(Beginning of Source information)
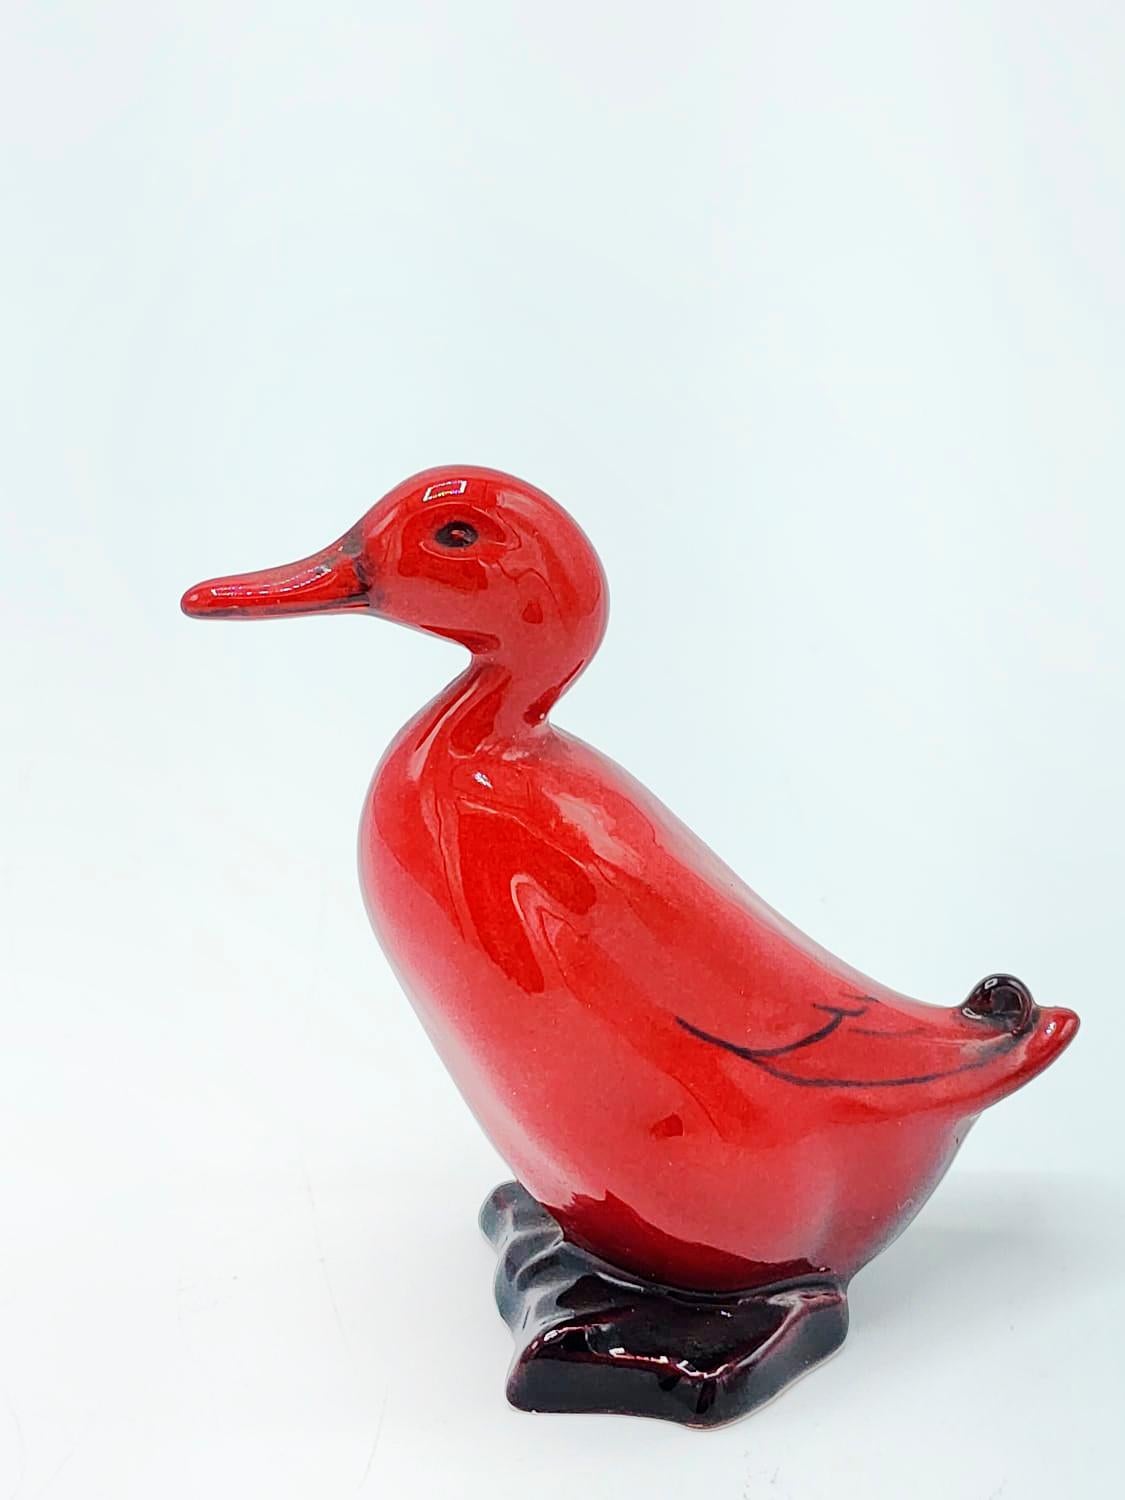 Royal Doulton Porcelain Figure made in England.
Duck Figure in Red and Black Flambe
Measures:
Height: 6 centimeters
Length: 5.5 centimeters
Depth: 2.5 centimeters
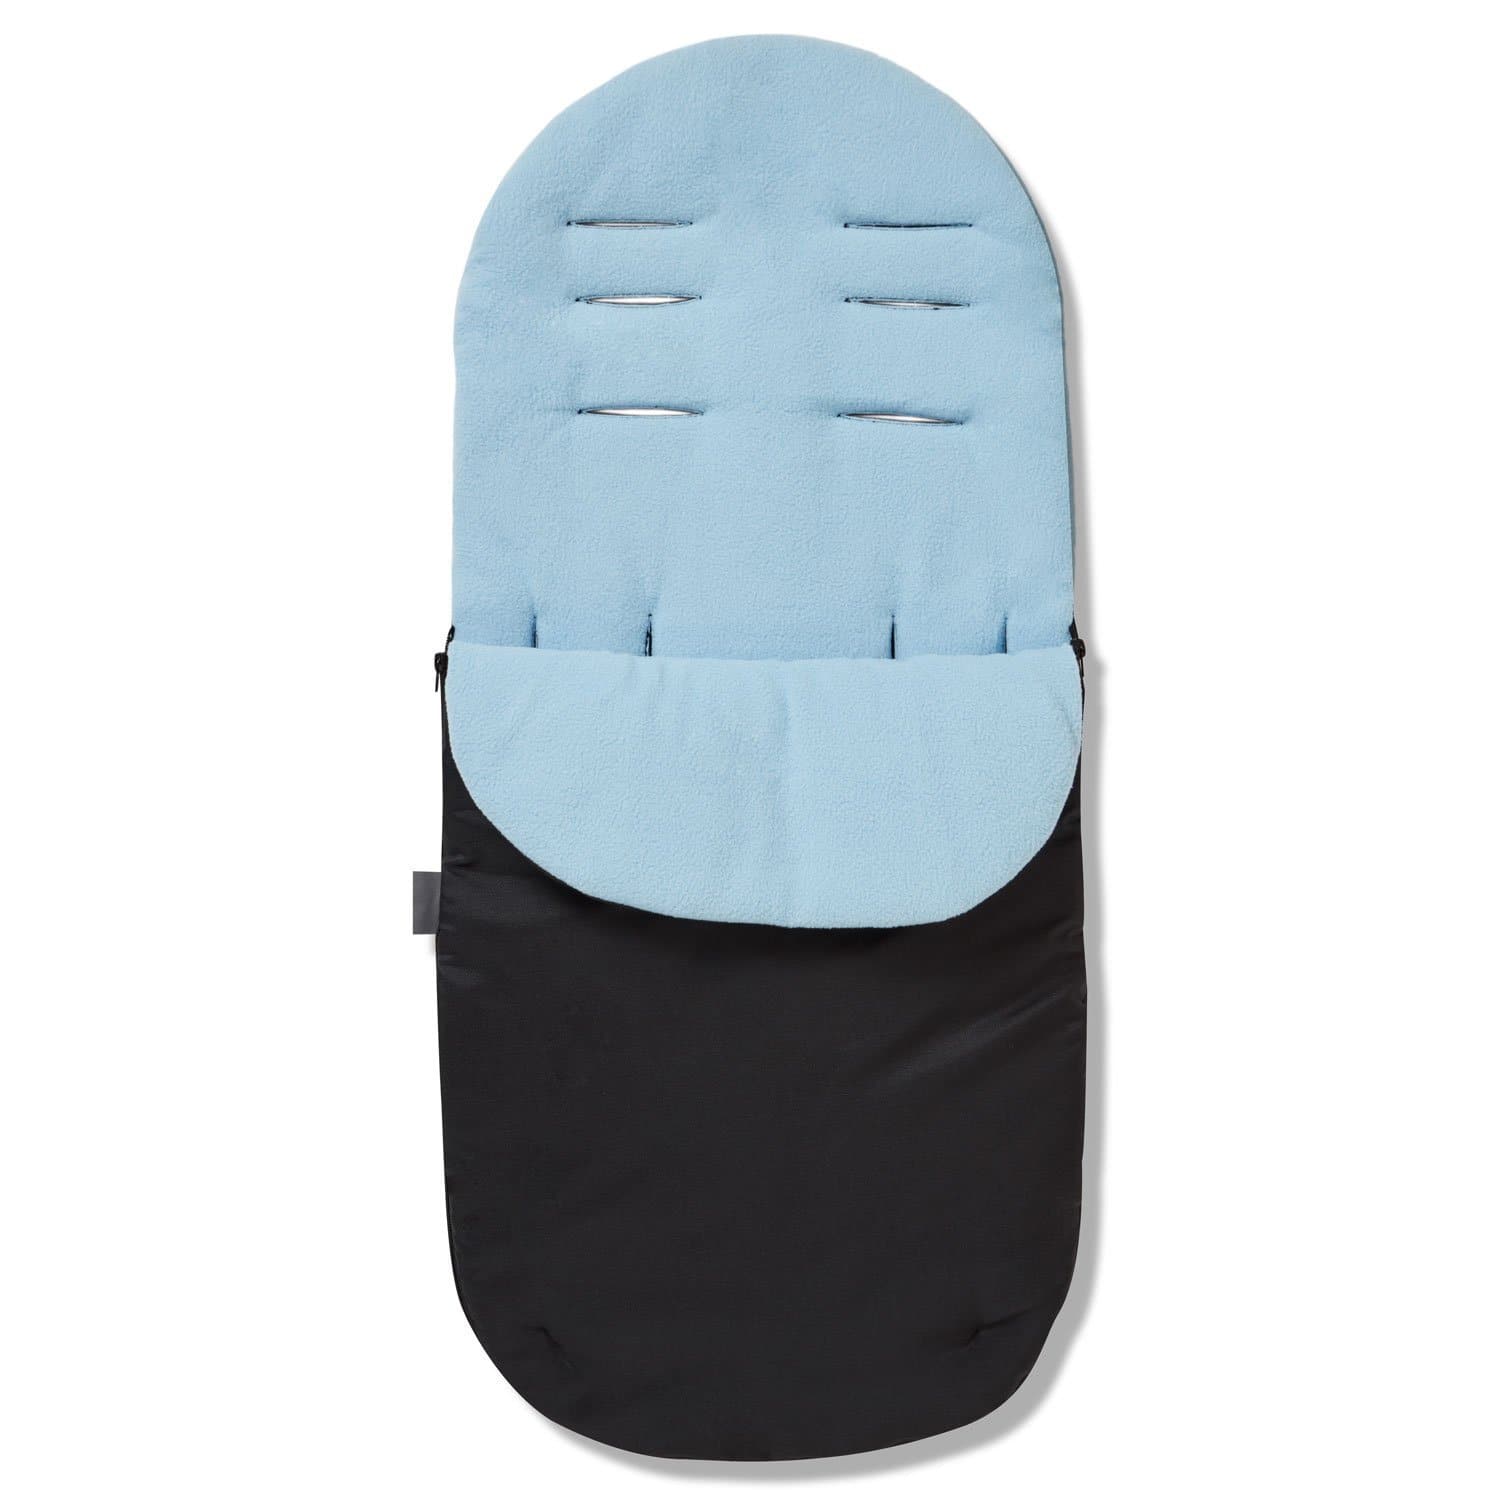 Footmuff / Cosy Toes Compatible with Combi - Light Blue / Fits All Models | For Your Little One
(End of Source information)
- [What is being asked] Counting every line that holds the string "centimeters", give the total for the data above and nothing else.

- [Answer section] 3